- **Data segment**:
☆ ☆ ☆ ☆ ☆ ☆ ☆

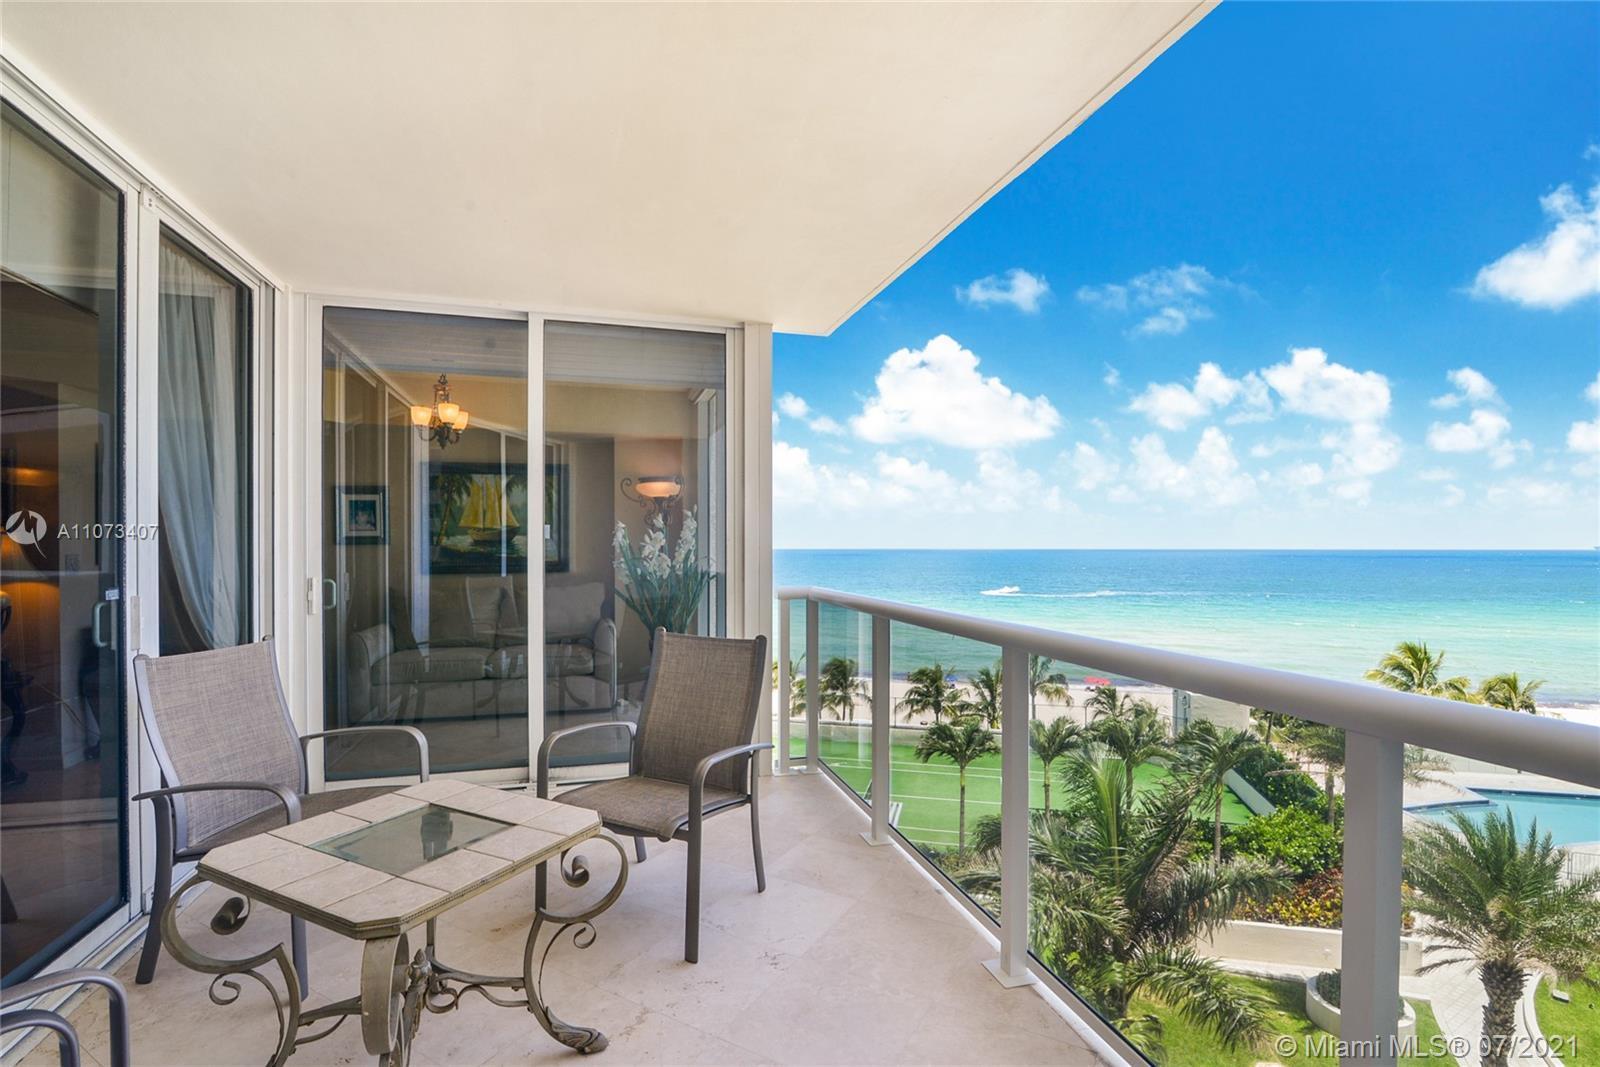 Ocean Two Condo in Sunny Isles Beach stunning 2 bedroom/2.5 bath + den unit with breathtaking ocean
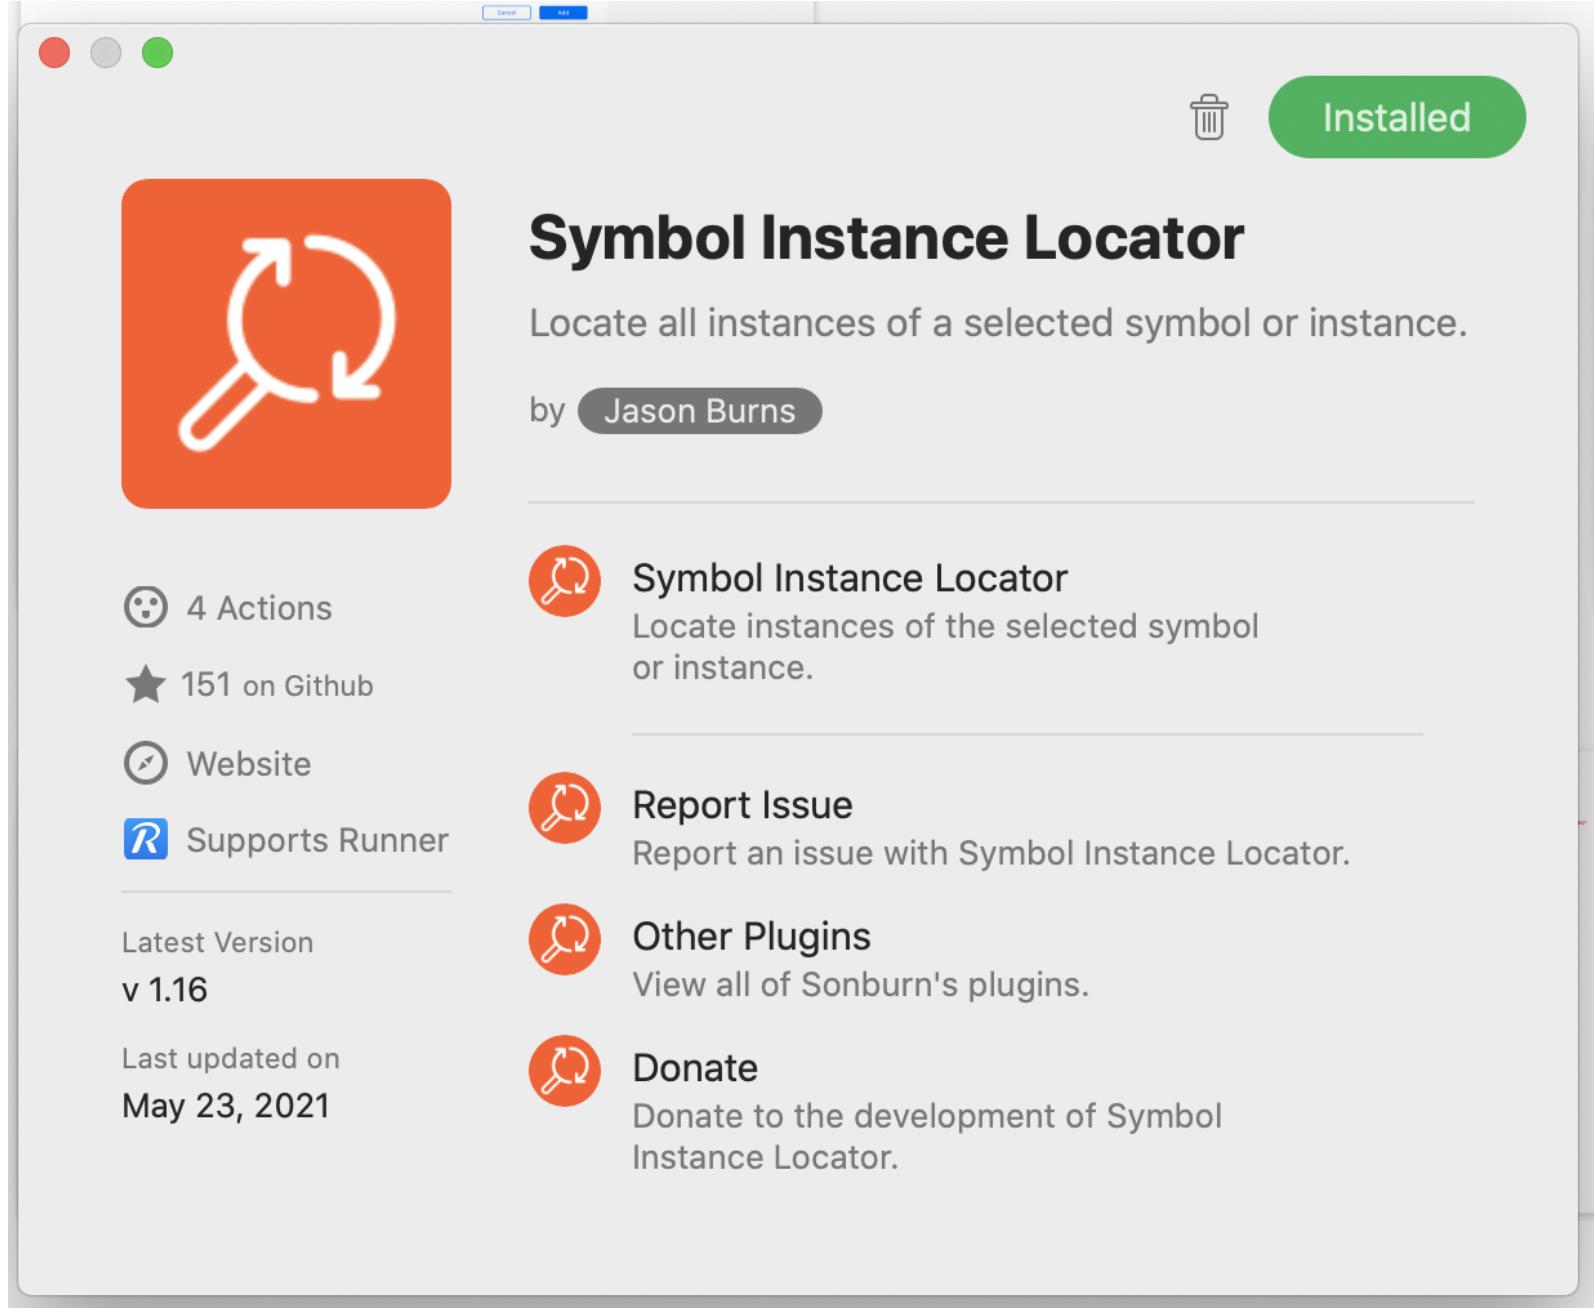 Symbol Instance Locator installed confirmation dialog
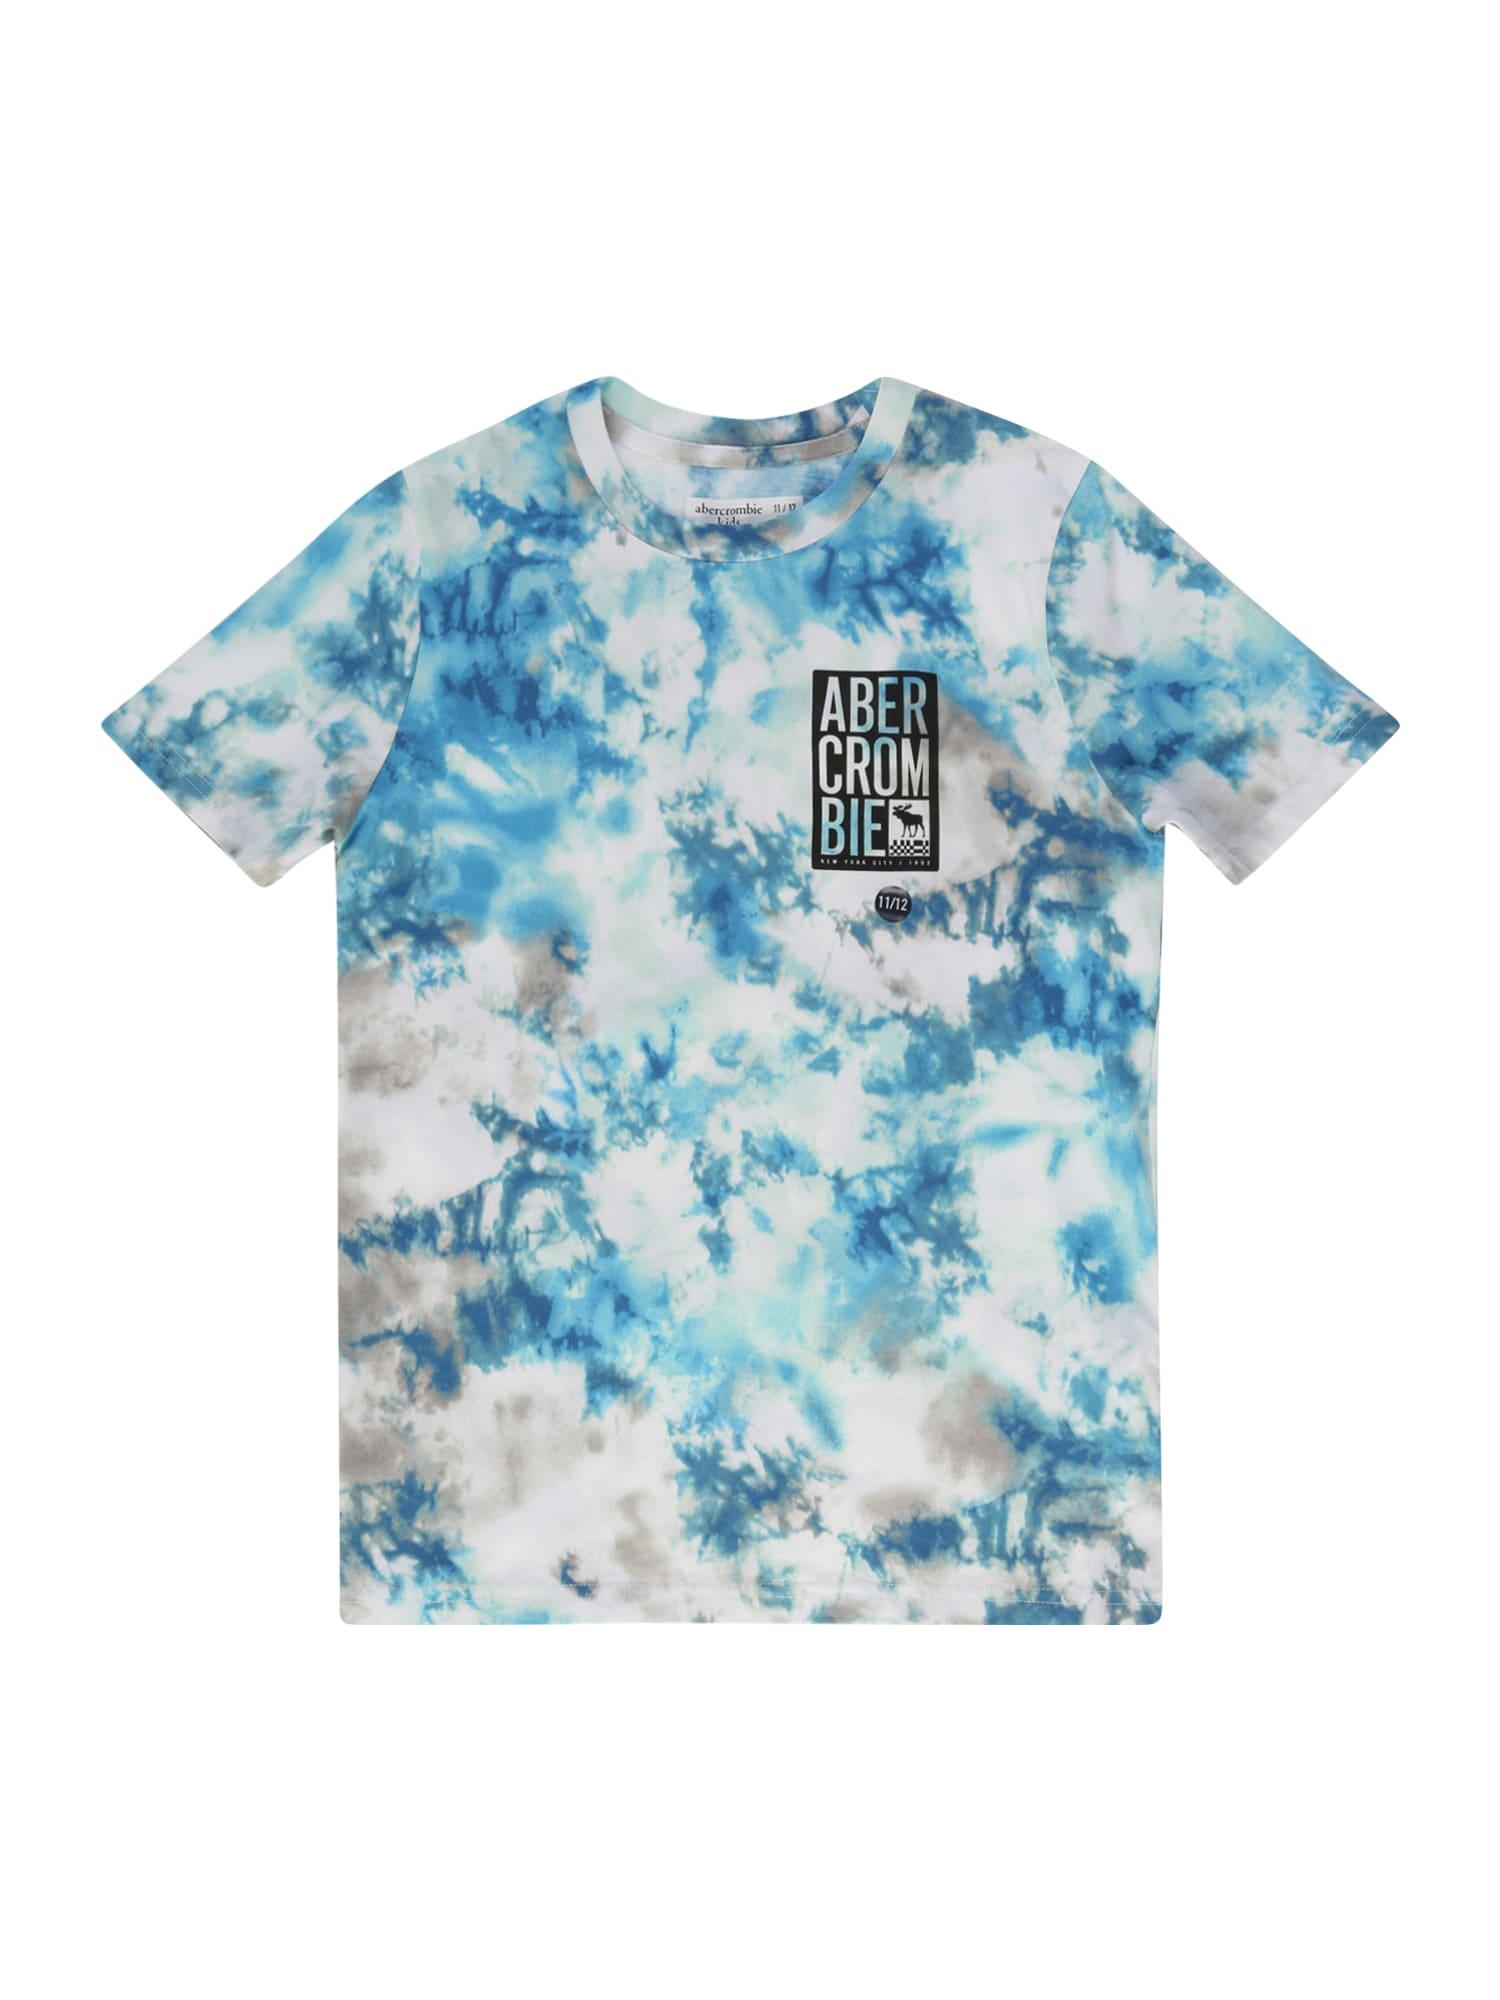 Abercrombie & Fitch Marškinėliai mėlyna / balta / juoda / dangaus žydra

☆ ☆ ☆ ☆ ☆ ☆ ☆

- **What you should do**: Write out every line above exactly as it is, leaving out the pictures.

- **Answer space**:
 Ocean Two Condo in Sunny Isles Beach stunning 2 bedroom/2.5 bath + den unit with breathtaking ocean
 Symbol Instance Locator installed confirmation dialog
 Abercrombie & Fitch Marškinėliai mėlyna / balta / juoda / dangaus žydra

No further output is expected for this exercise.